Exercise data Block Start

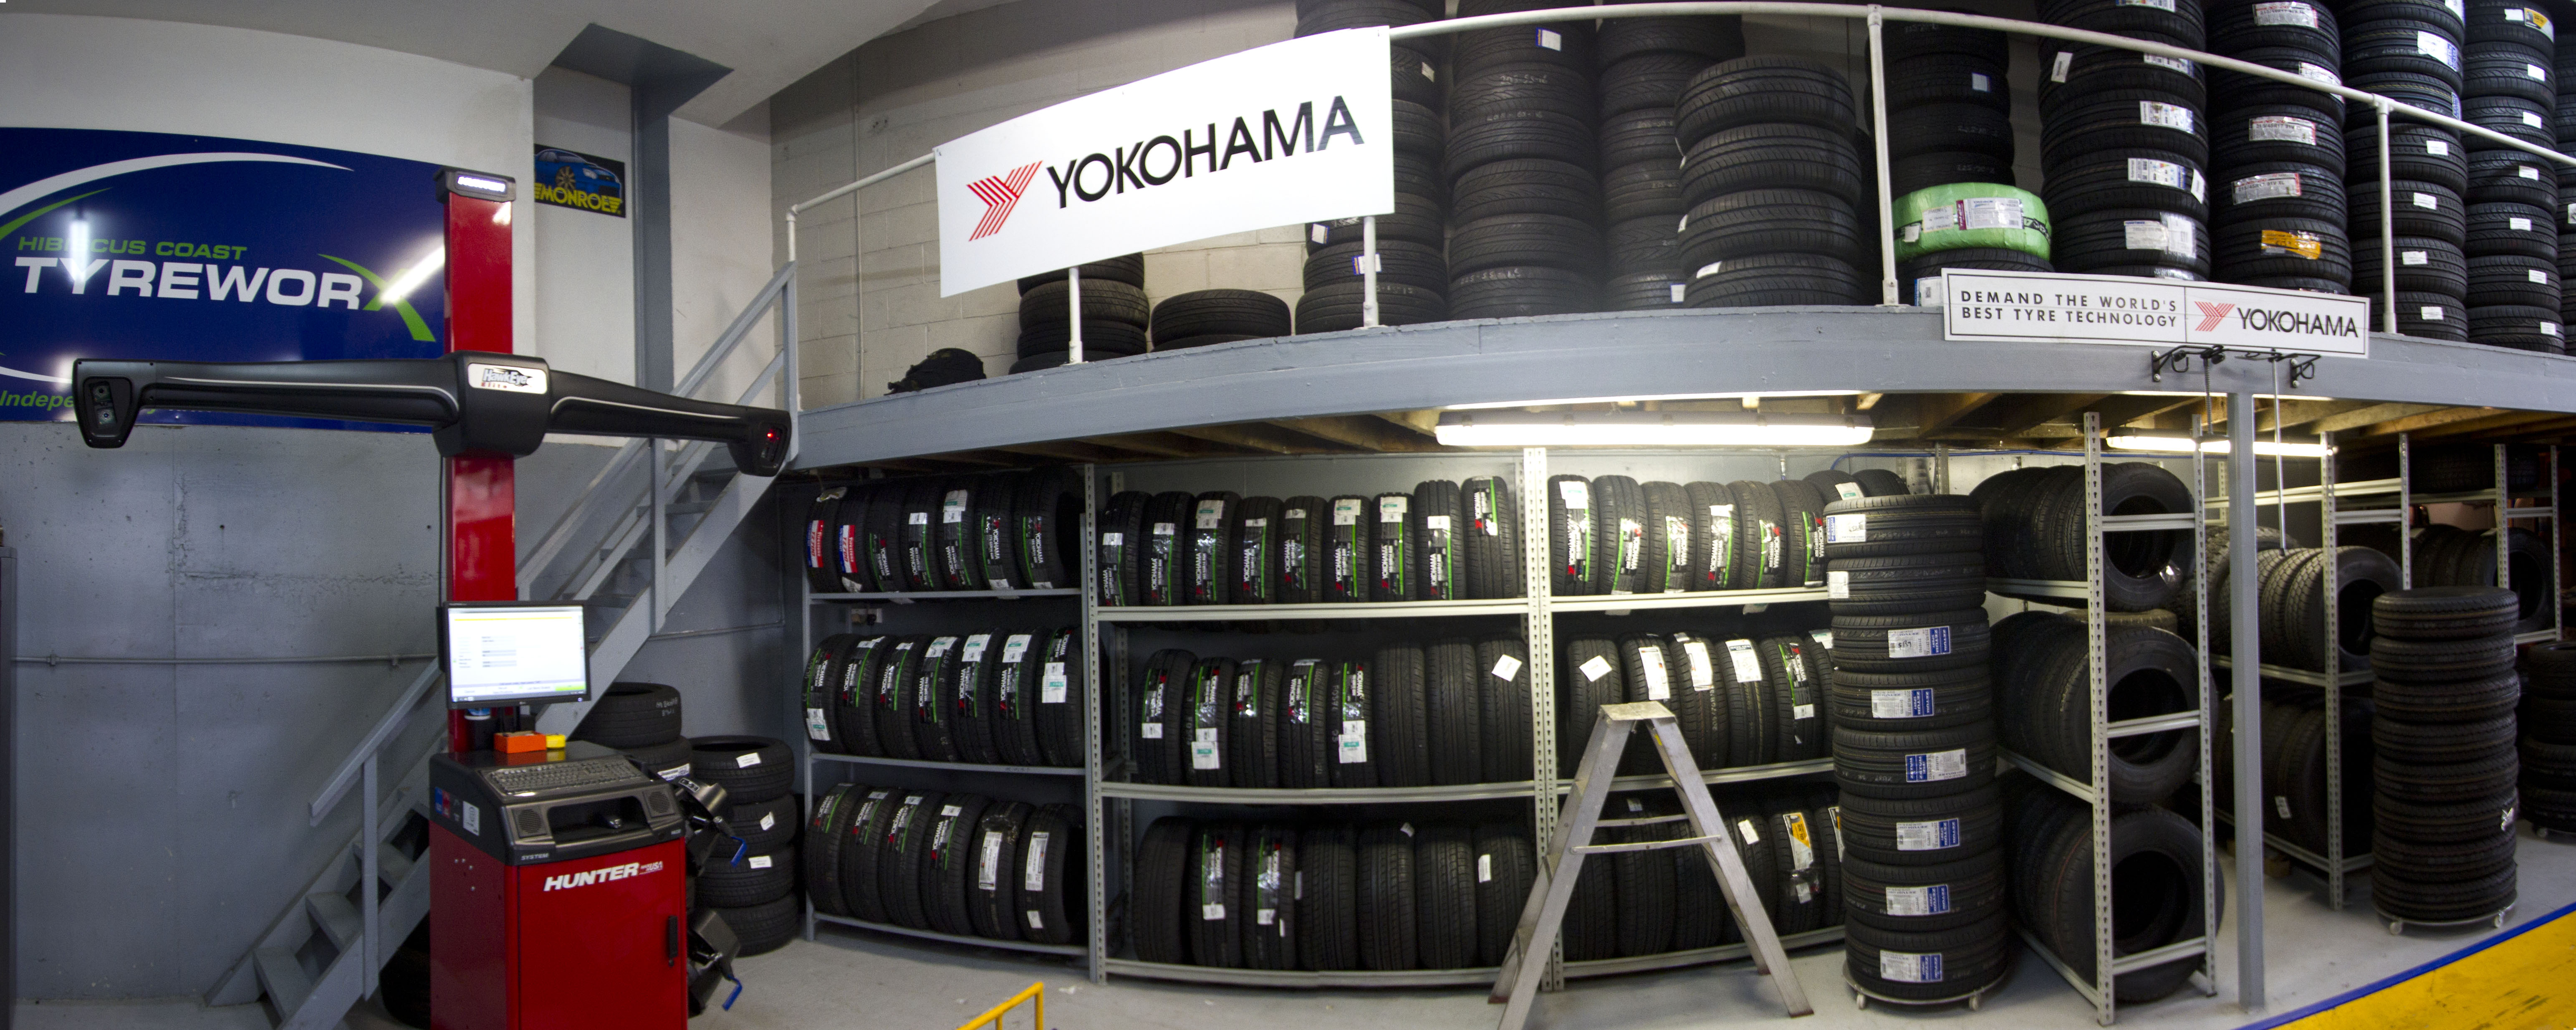 Tyre workshop photo
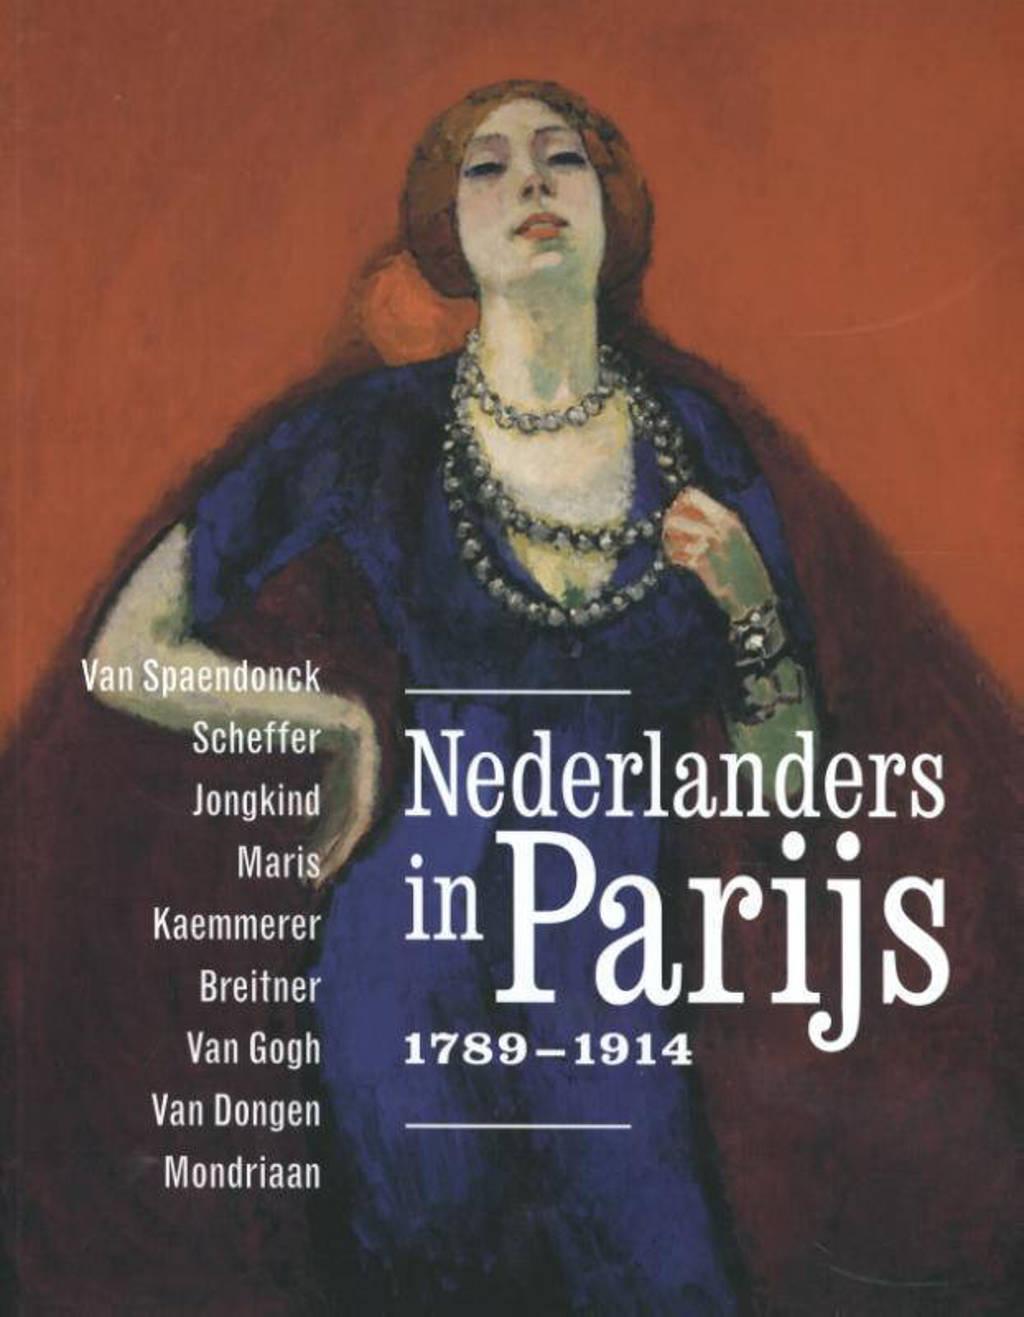 Nederlanders in Parijs 1789-1914. - Stéphanie Cantarutti, Maite van Dijk, Malika M'rani Alaoui, e.a.
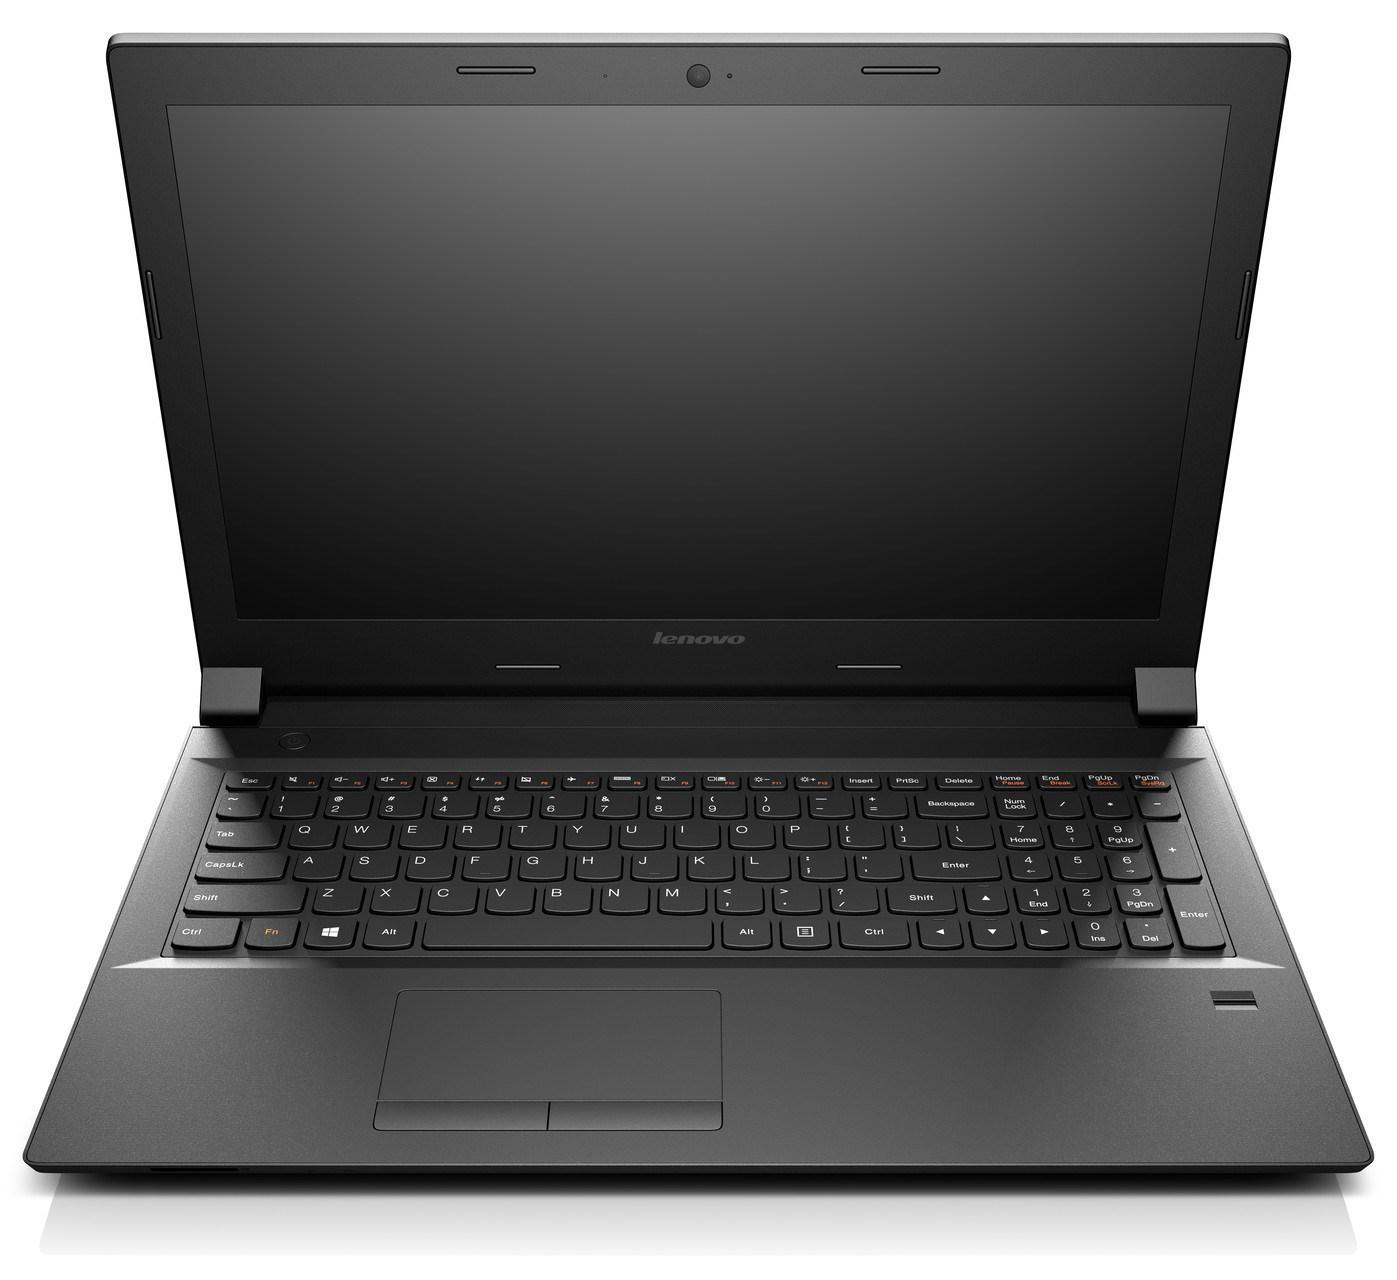 "Lenovo B50-50 15.6"" HD/3215U/1TB/4GB/HD/DVD/F/Win 10 Home"
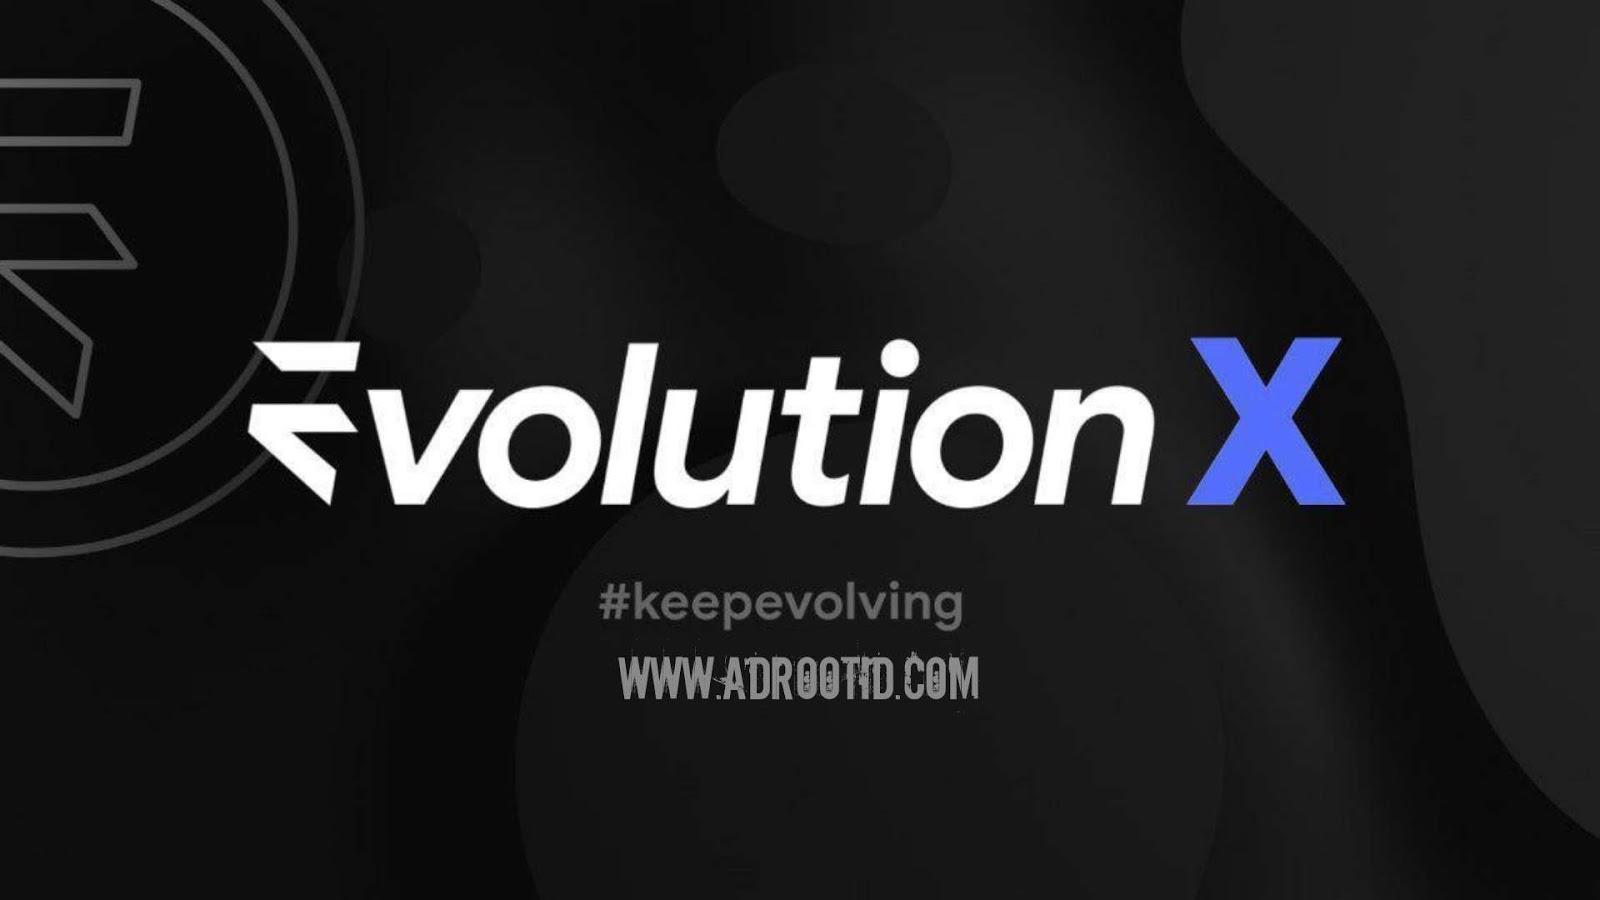 Rom evolution x redmi 5 plus

Exercise data Block End

What you need to retype is every line from the one that has "Nederlanders in Parijs" through the last line of the listing, both included, with the pictures left out.

Answer section:
 Nederlanders in Parijs 1789-1914. - Stéphanie Cantarutti, Maite van Dijk, Malika M'rani Alaoui, e.a.
 "Lenovo B50-50 15.6"" HD/3215U/1TB/4GB/HD/DVD/F/Win 10 Home"
 Rom evolution x redmi 5 plus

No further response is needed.